Due to the advancement of lung cancer by the time it is diagnosed, it is the deadliest cancer in the world [
151]. El-Khoury et al. [
148] used the bootstrap sampling method and LASSO penalization to deduce the suitable combination of protein necessary for predicting outcome to improve early detection and patients’ survival. With data comprising 93 healthy donors and 128 lung cancer patients, the level of plasma in 351 proteins was quantified, and the optimal threshold for the biomarker was selected. The validation of the panel was carried out with independent data of 49 healthy donors and 48 patients using logistic regression. With an AUC of 0.999, sensitivity of 0.992, specificity of 0.989, negative predictive value of 0.989 and positive predictive value of 0.992, lung cancer was detected irrespective of the cancer stage, making it possible to detect lung cancer earlier and aiding early treatment.

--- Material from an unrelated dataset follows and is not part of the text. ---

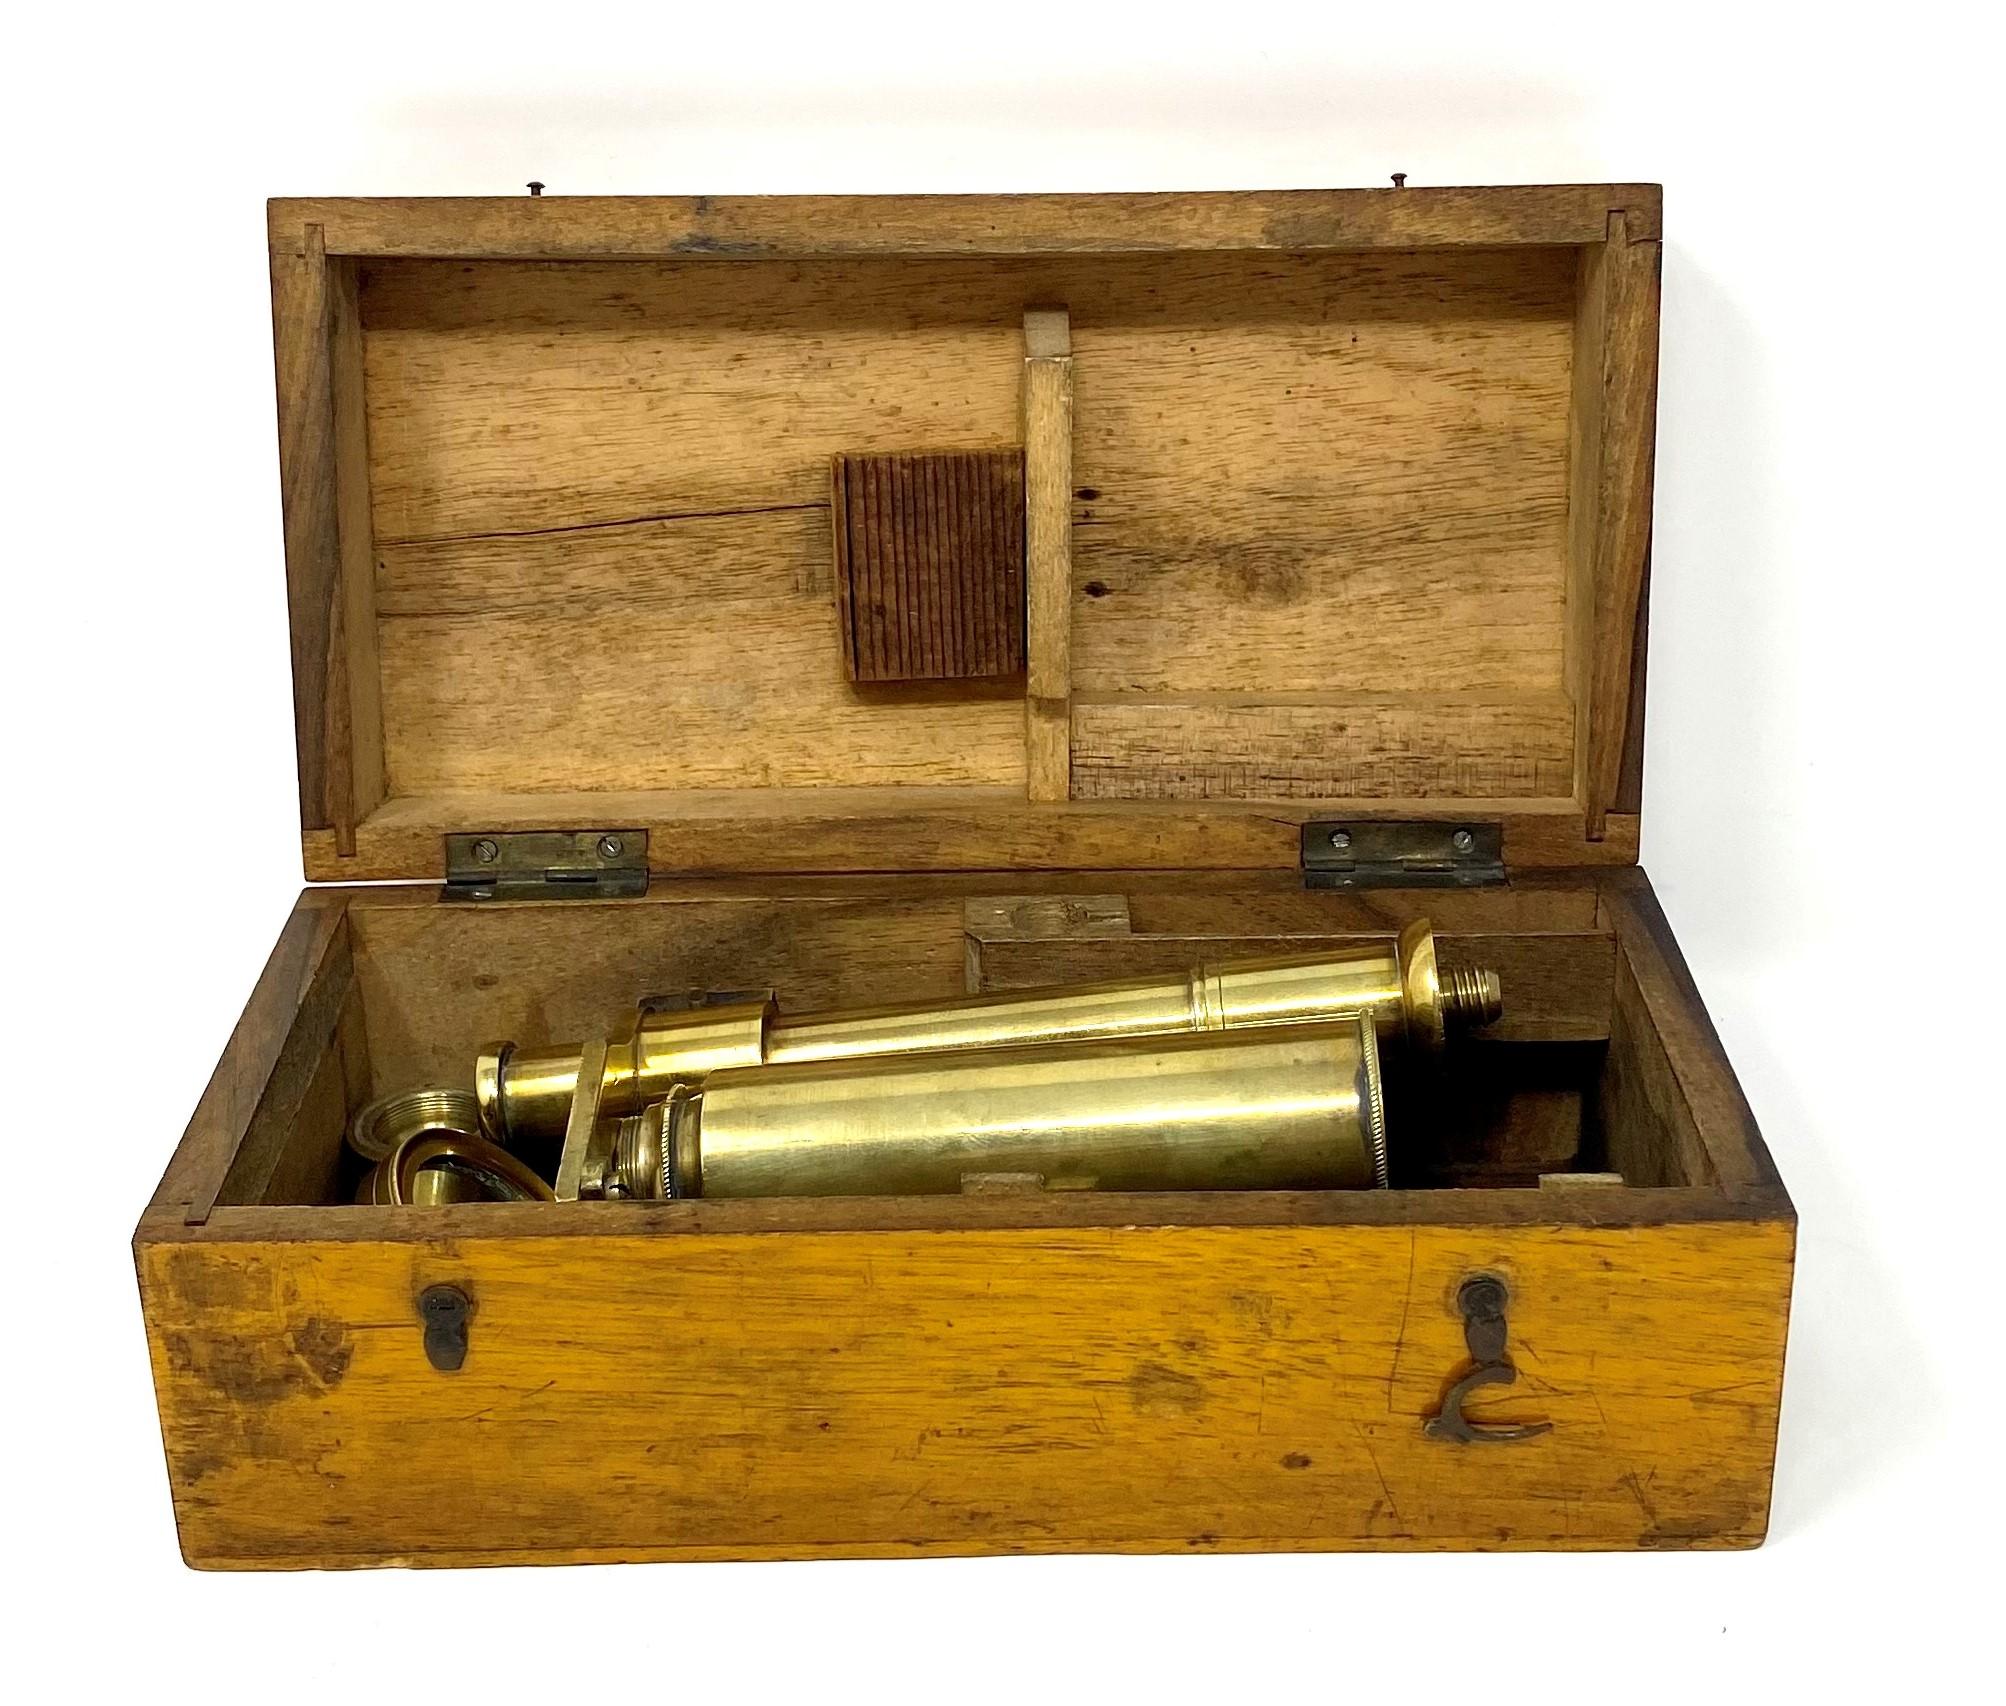 Rare antique English brass field microscope in original case, circa 1890-1900.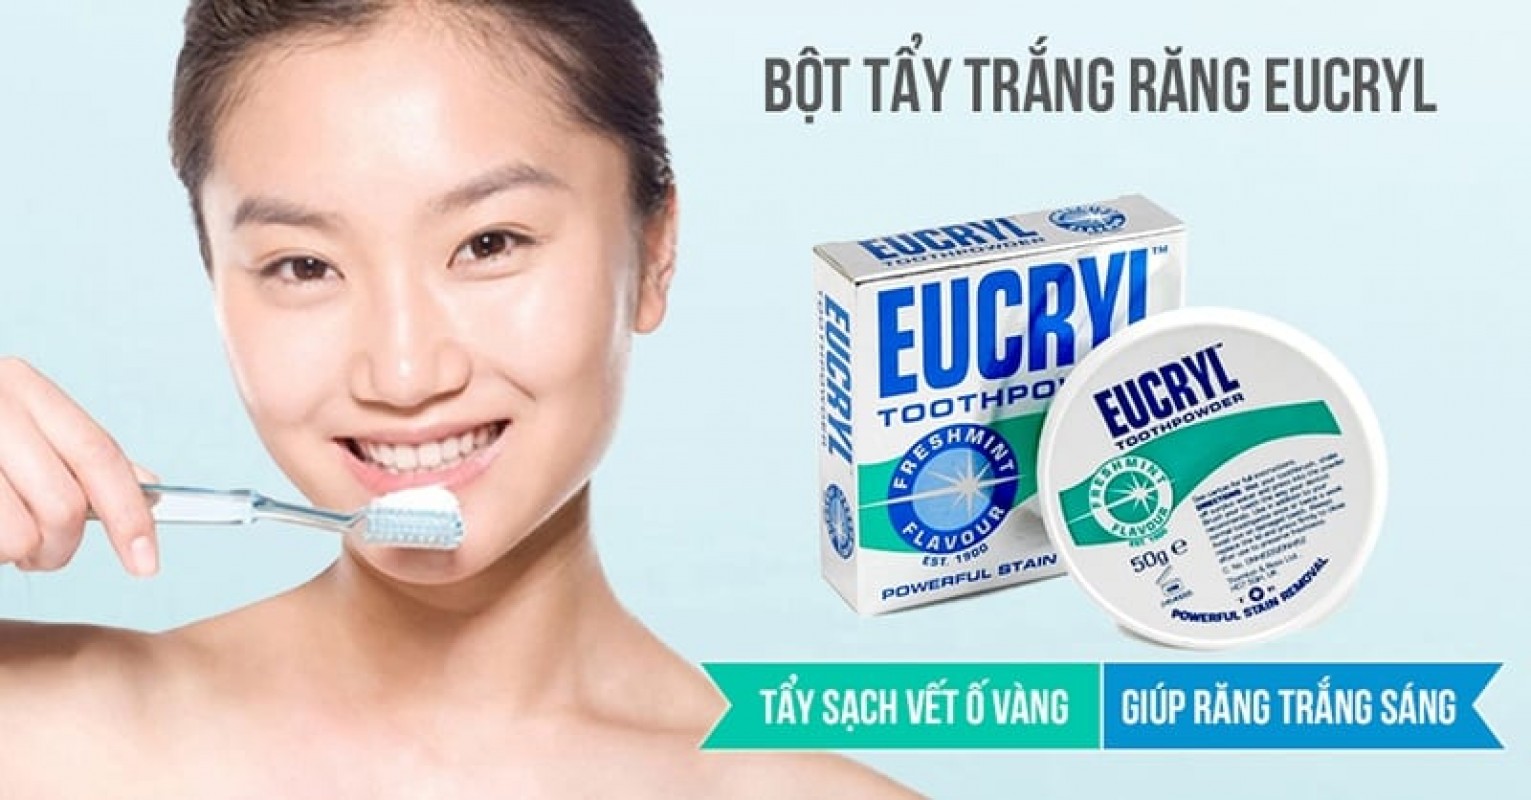 Yukril răng tẩy trắng bột được không, nơi để bán

For early and accurate decisions on treatment strategies, an accurate diagnosis must be made. Therefore, it is vital to distinguish small cell lung cancer (SCLC) from non-small cell lung cancer (NSCLC). Non-small cell lung cancer can be further categorized as squamous cell carcinoma and inter alia adenocarcinoma. Raman et al. [
147] collected public data containing 843 samples (small cell lung cancer = 68, squamous cell carcinoma = 351, and inter alia adenocarcinoma = 424) which were filtered based on histology. cfDNA was extracted was further extracted from plasma. Five classifiers, including random forest, support vector machine, multinomial logistic regression with ridge regularization, multinomial logistic regression with elastic net regularization, and multinomial logistic regression with lasso regularization were evaluated with the data using a leave-one-out cross-validation method. Due to the inability of some classifiers to deal with class imbalance, the authors used a random sampling method to make the number of samples in all classes equal to 68 to make the number of training samples equal to 204. Multinomial logistic regression with ridge regularization, based on iterative one-vs.-all receiver operating curve, had the best performance with a mean area under curve of 0.936. The coefficients of the logistic regression model detected that the prominent regions which differentiate non-small lung cell cancer from small lung cell cancer are located at the chromosome arm, and tumor fraction is a determinant of the prediction probability.
Cucchiara et al. [
145], working with the metastatic case of EGFR-positive NSCLC reports the possibility of using the combination of liquid biopsy and radiomics to suggest management of the disease. This can be done by detecting new mutations early. Liquid biopsy is easy to perform, minimally invasive and can be done repeatedly to extract valuable information. cfDNA acquired from plasma of seven metastatic patients was analyzed using digital droplet PCR, and radiomic analysis was also done using computed tomography images. The authors were able to compare the EGFR mutation dynamics in cfDNA with the radiomic features. They used a logistic LASSO regression model to estimate the correlation between the variation in the radiomics features and the EGFR mutation status using a 27-fold Monte Carlo cross-validation method. The model implemented a feature reduction, and maximum likelihood estimation was done for the remaining features. Based on these performance analyses, an early decision can be made for treatment strategy. Although the authors found no significant relationship between the mutational status and tumor volume, there was also no discovered association between the clinical outcomes and the radiomic signatures.
Wei et al. [
146] pointed out the need to have less invasive strategies for the early prognosis and detection of colorectal cancer to avoid distant metastasis. The authors extracted extracellular vesicles from plasma samples and used nanoparticle tracking analysis, transmission electron microscopy with western blotting to identify the extracellular vesicles. The samples contained 37 colorectal cancer patients, 22 colorectal adenoma patients and 42 non-cancerous control participants. It was discovered that circulating EV-miR-193a-5p can efficiently distinguish the three classes. Especially with an AUC of 0.752, it can distinguish colorectal cancer patients from the two other classes and with an AUC of 0.759, it can distinguish colorectal cancer from non-cancer. This shows circulating EV-miR-193a-5p can identify colorectal cancer than precancerous lesions. In addition, due to the importance of age factor in colorectal cancer, a logistic regression model was implemented to integrate the age with a cutoff of 55 years and circulating EV-miR-193a-5p. The integration of the age factor increased the area under curve from 0.752 to 0.775 and 0.759 to 0.795 for distinguishing colorectal cancer patients from the two other classes and colorectal cancer from non-cancer, respectively. The integration of the age factor using the model can quickly identify colorectal cancer in high-risk individuals.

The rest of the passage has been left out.